▶ **COLLECTED DATA**:
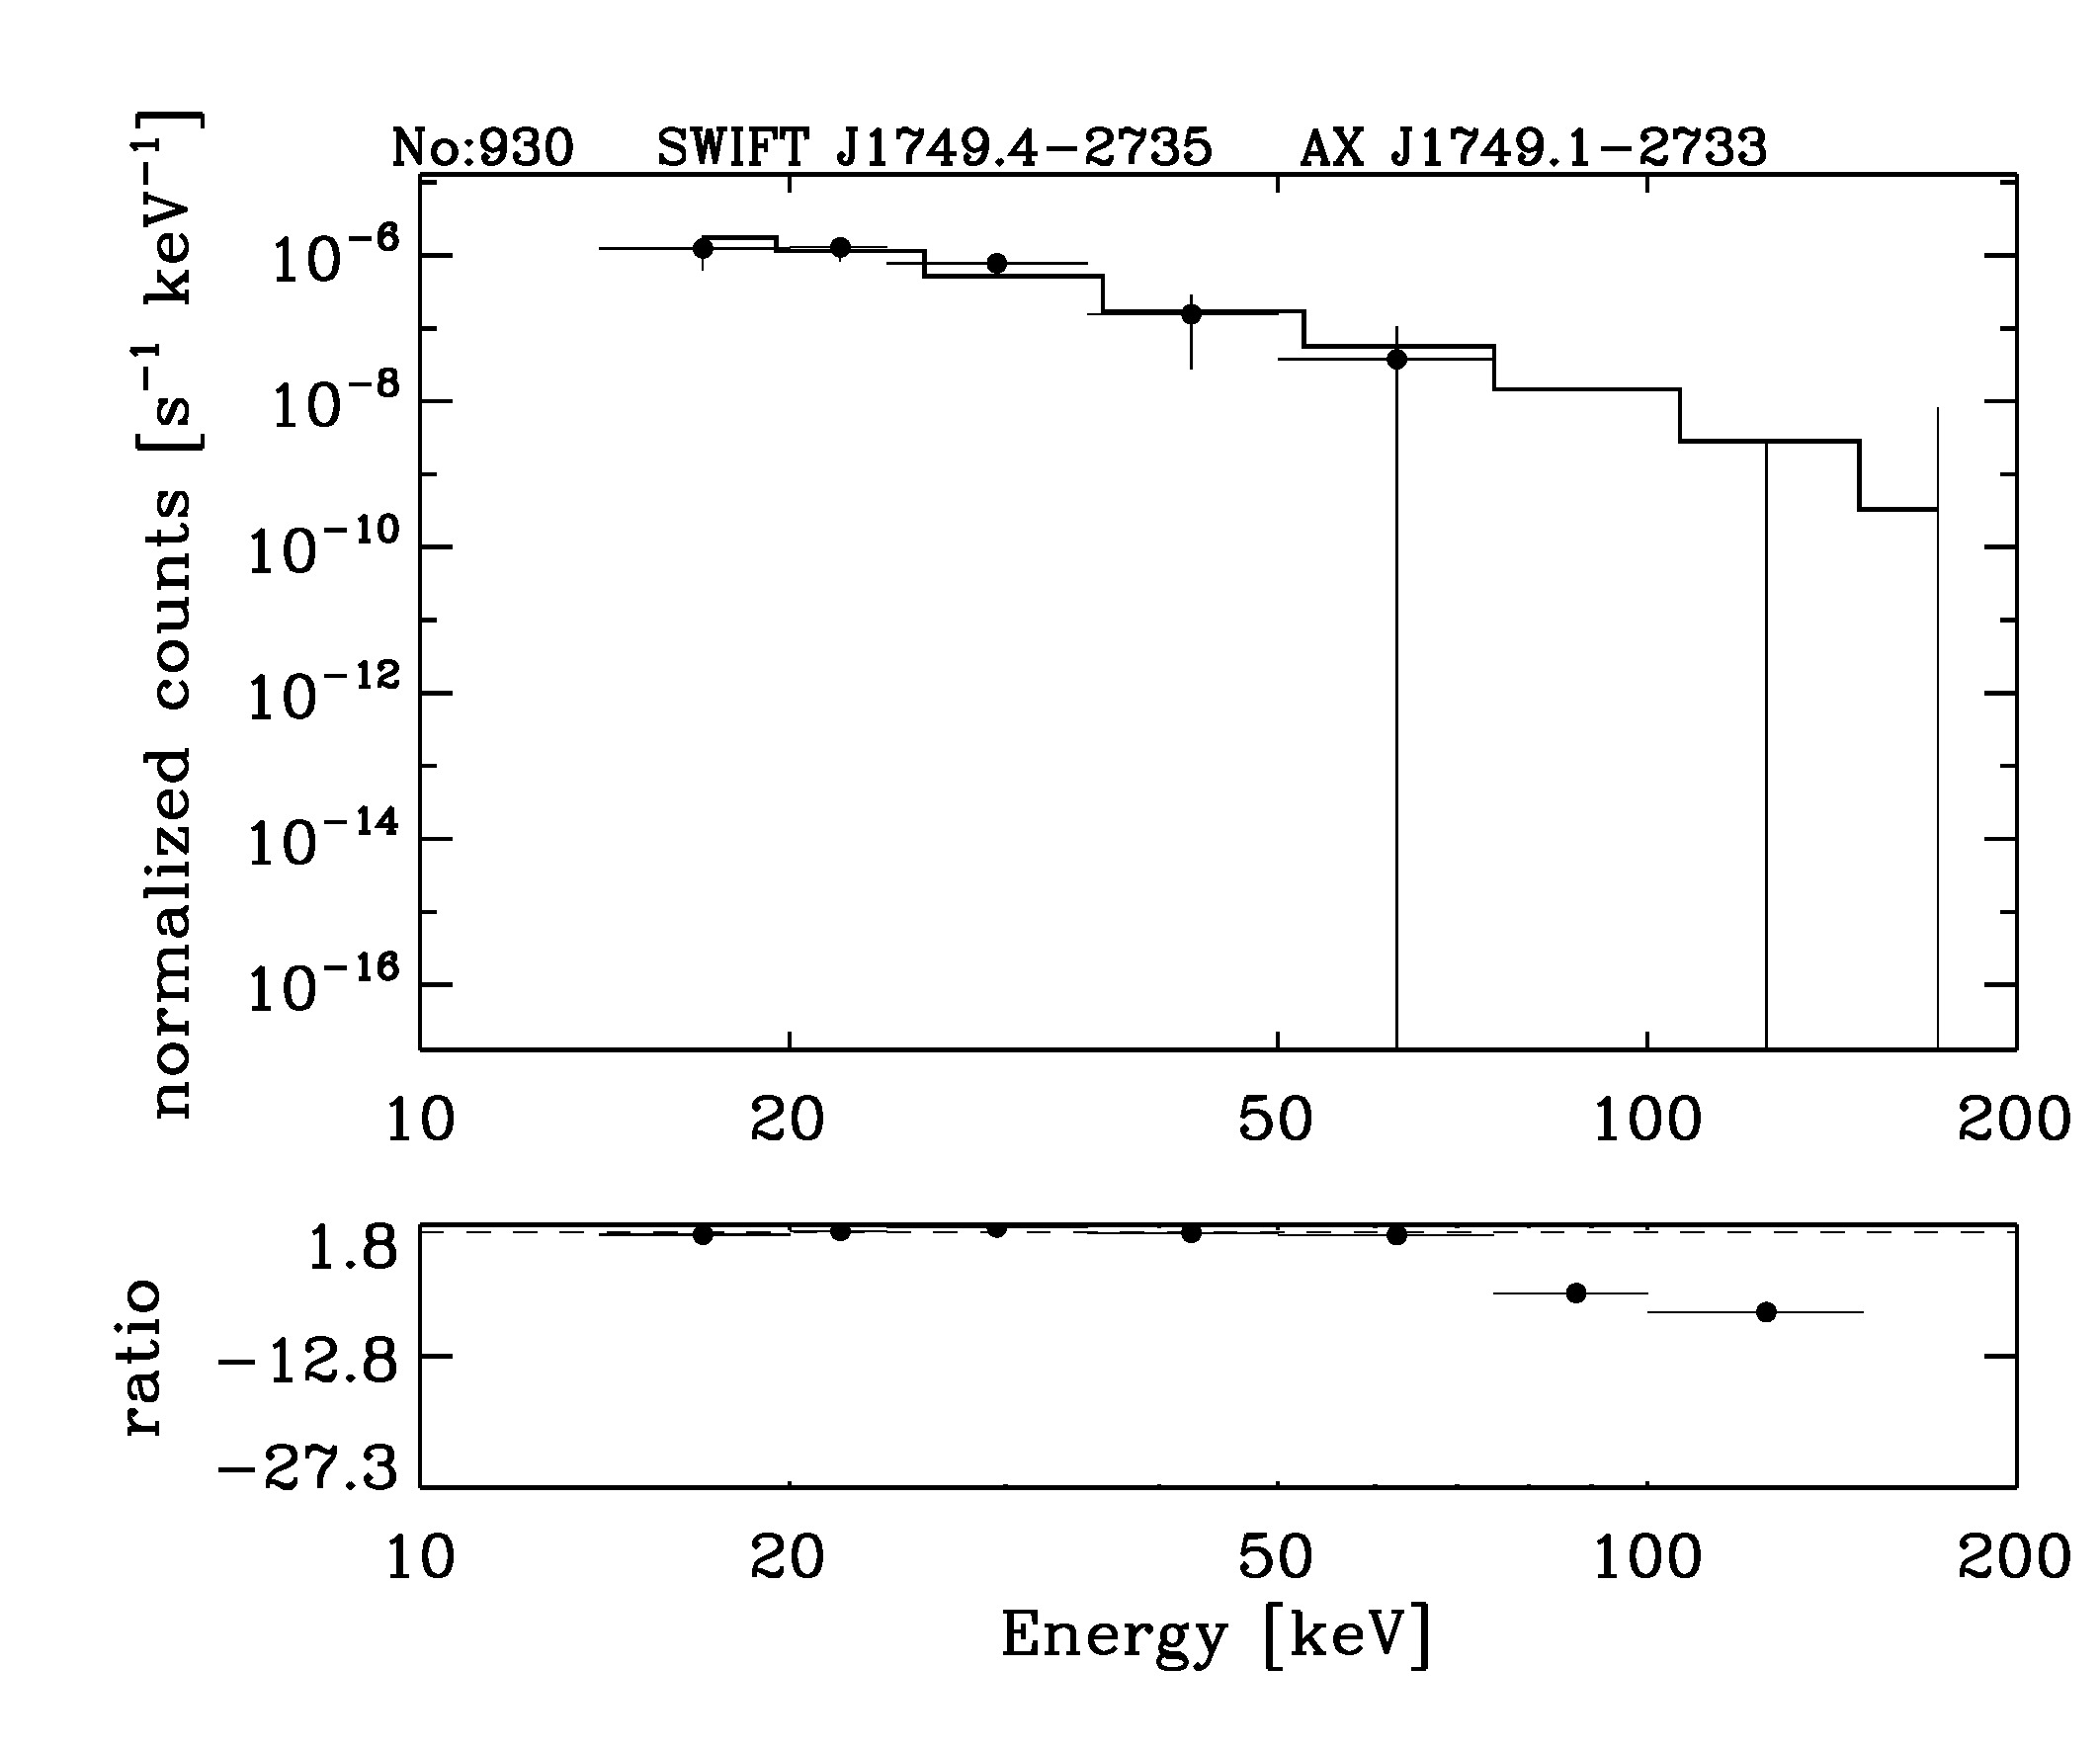 BAT Spectrum for SWIFT J1749.4-2735
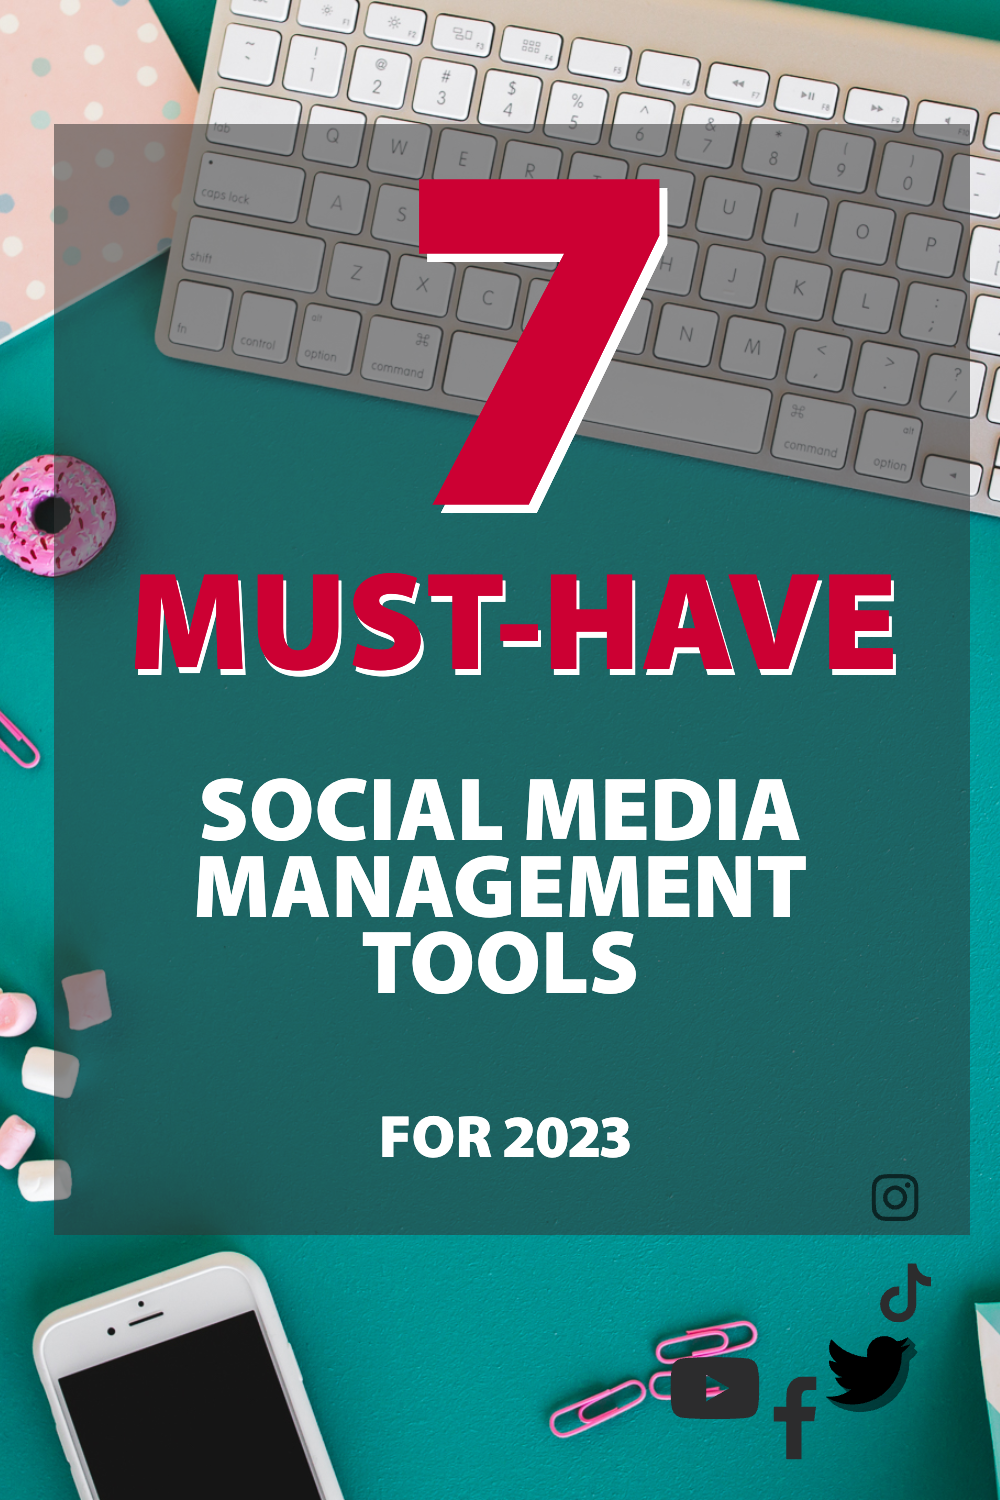 2023년 필수 소셜 미디어 관리 도구 7가지
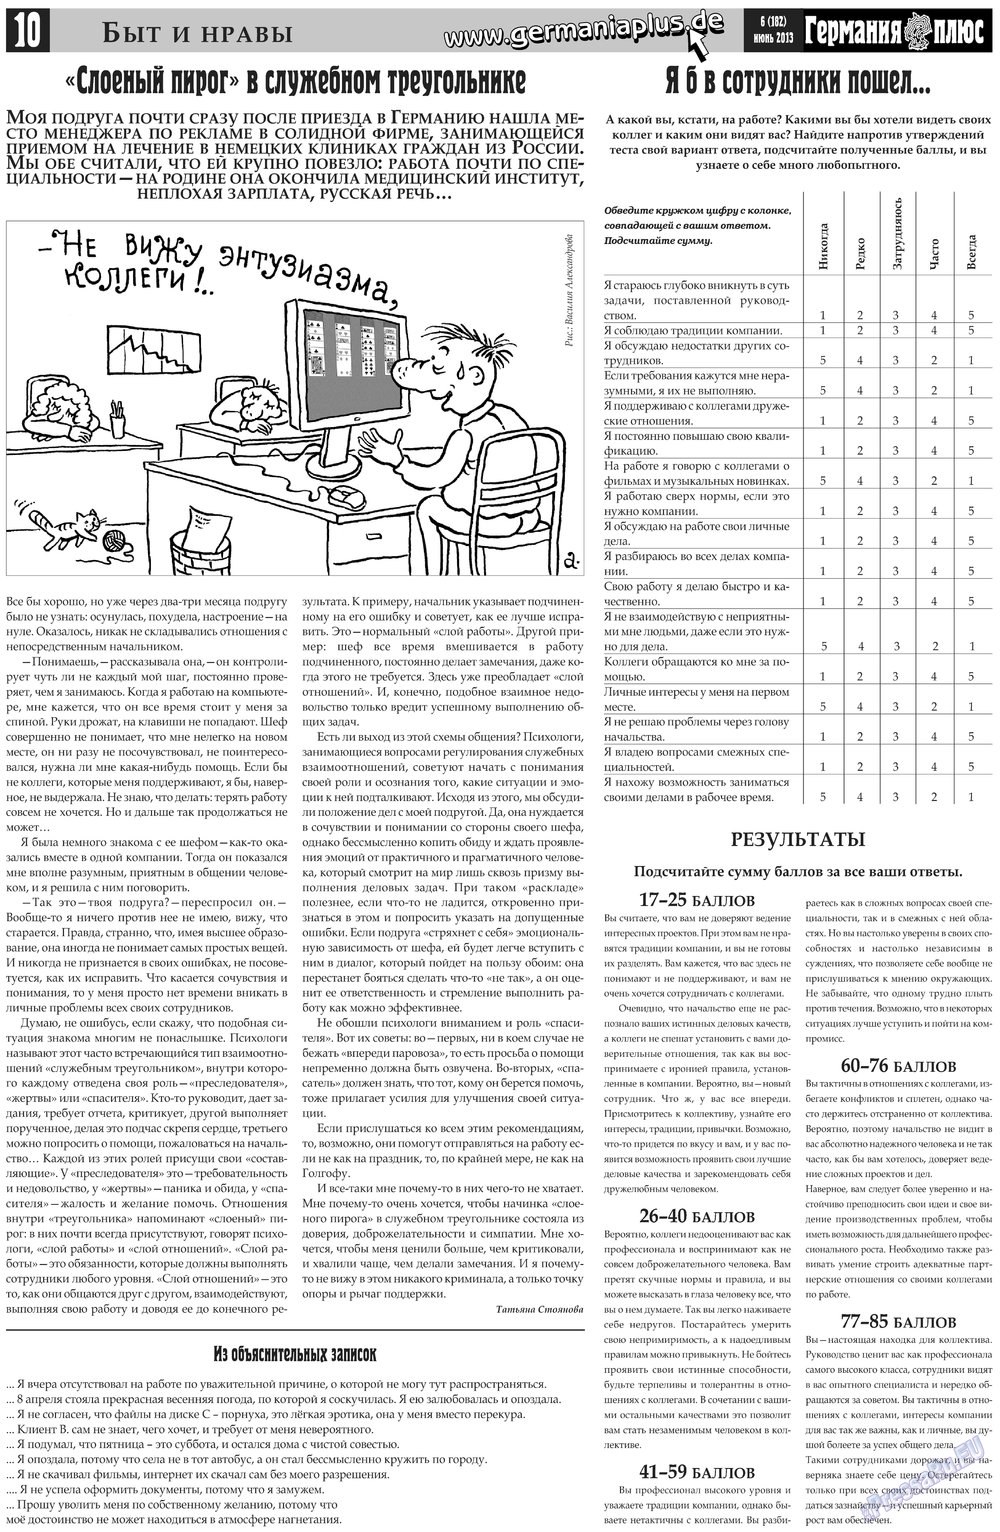 Германия плюс (газета). 2013 год, номер 6, стр. 10

▶ **EXERCISE DIRECTIONS**:
Where images occur in the data above, leave them out and repeat everything else exactly.

▶ **RESPONSE**:
 BAT Spectrum for SWIFT J1749.4-2735
 2023년 필수 소셜 미디어 관리 도구 7가지
 Германия плюс (газета). 2013 год, номер 6, стр. 10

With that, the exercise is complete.